Home > Parenting & Pregnancy > Grandparenting
Created on: October 05, 2009 Last Updated: October 06, 2009
Being grandmother to a delightful child was the most important role of my life. She was born in a birthing center in a huge antique bed, while I offered words of love and encouragement to her then-teenaged mother. The first year of her life was spent in my home because her mother had no spouse, less than a year of college, and no idea what direction she should take to become financially independent.
Now, five years since my granddaughter's birth, I am denied access. The choice my daughter made to have a same-sex partner, then a marriage to that partner, were not an issue for me - so long as long as my granddaughter is loved and honored, I believed. But, when the announcement came that a new baby was due and my granddaughter was taught that the baby "might be a girl with a penis or a boy with a vagina", I dissented, citing my professional and personal experiences as support for waiting until she was more developed to discuss confusing and rare gender issues.
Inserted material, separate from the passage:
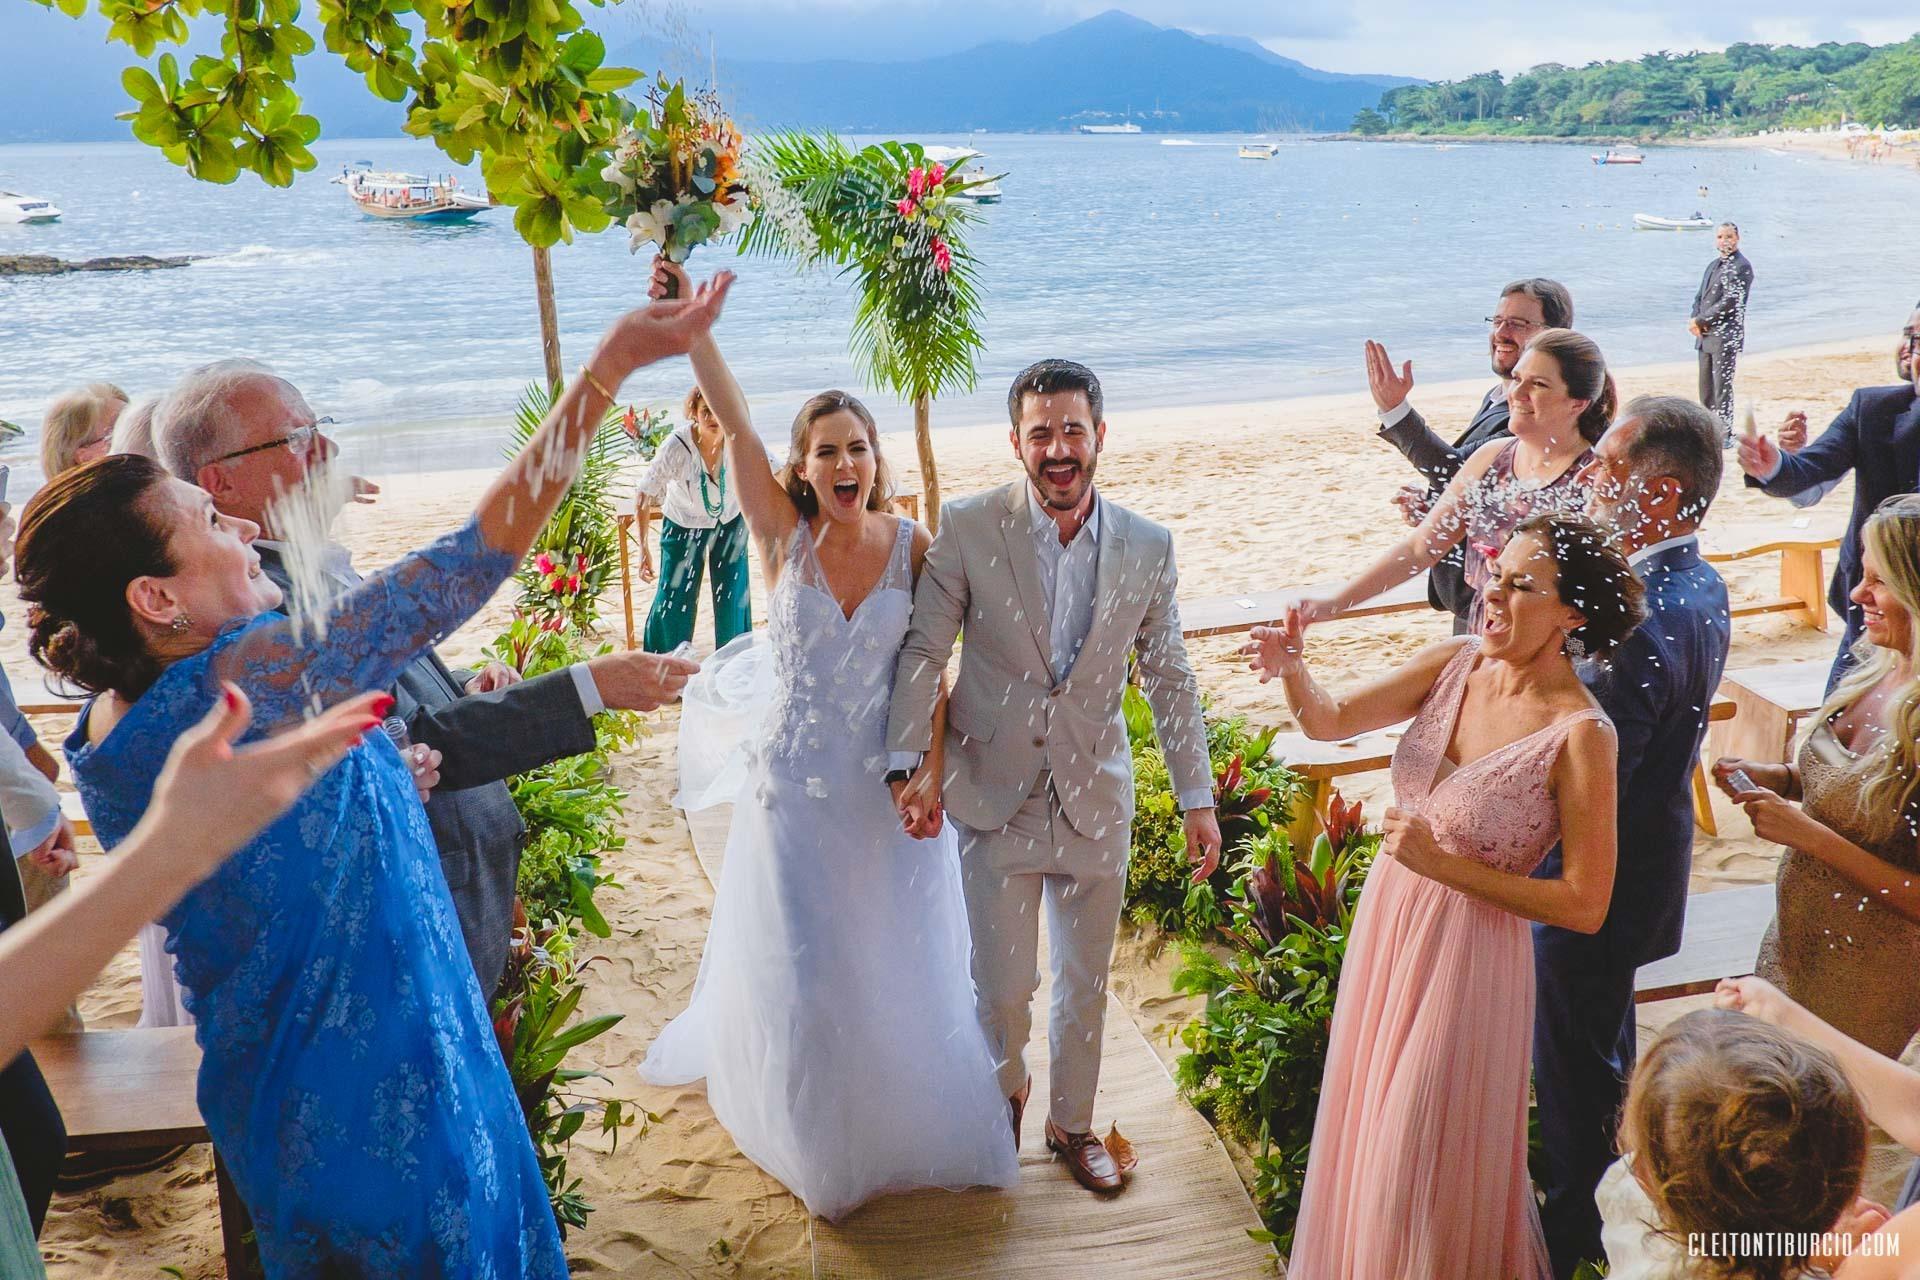 Contate Cleiton Tiburcio - Fotografia de Casamento

As I write this article, it has been eight months since I have been allowed to see my granddaughter. Each day there is a sensation of a new wound, as the realization comes that her precious smile and bubbly personality will not be a part of another day and that there is no "closure". There is only waiting. Dreadful, painful waiting for young adults to become mature and to overcome their own patterns of self-indulgence.
In the meantime, I add constantly to a box that will someday be in my granddaughter's hands. She will find photos of her grandmother and herself, souvenirs and articles that tell her what mattered to her grandmother, toys, games, and puzzles that we enjoyed together in her first four years of life, and treasured artwork from her tiny hands as she first learned to draw letters, animals and faces. Most importantly, she will have letters written almost daily throughout the rest of her grandmother's life - letters that tell her how much she is loved, how special and bright a child she was, and how painful the separation is and will always be. She will learn from these letters that her grandmother loves her more than life itself and that she, herself, is not at fault; the separation was the result of adult differences, and not caused by anything she did or did not do.
Litigation has its place and it may come to that, but patience may reap richer rewards in the long run. Where a child is involved, no river is too wide to cross.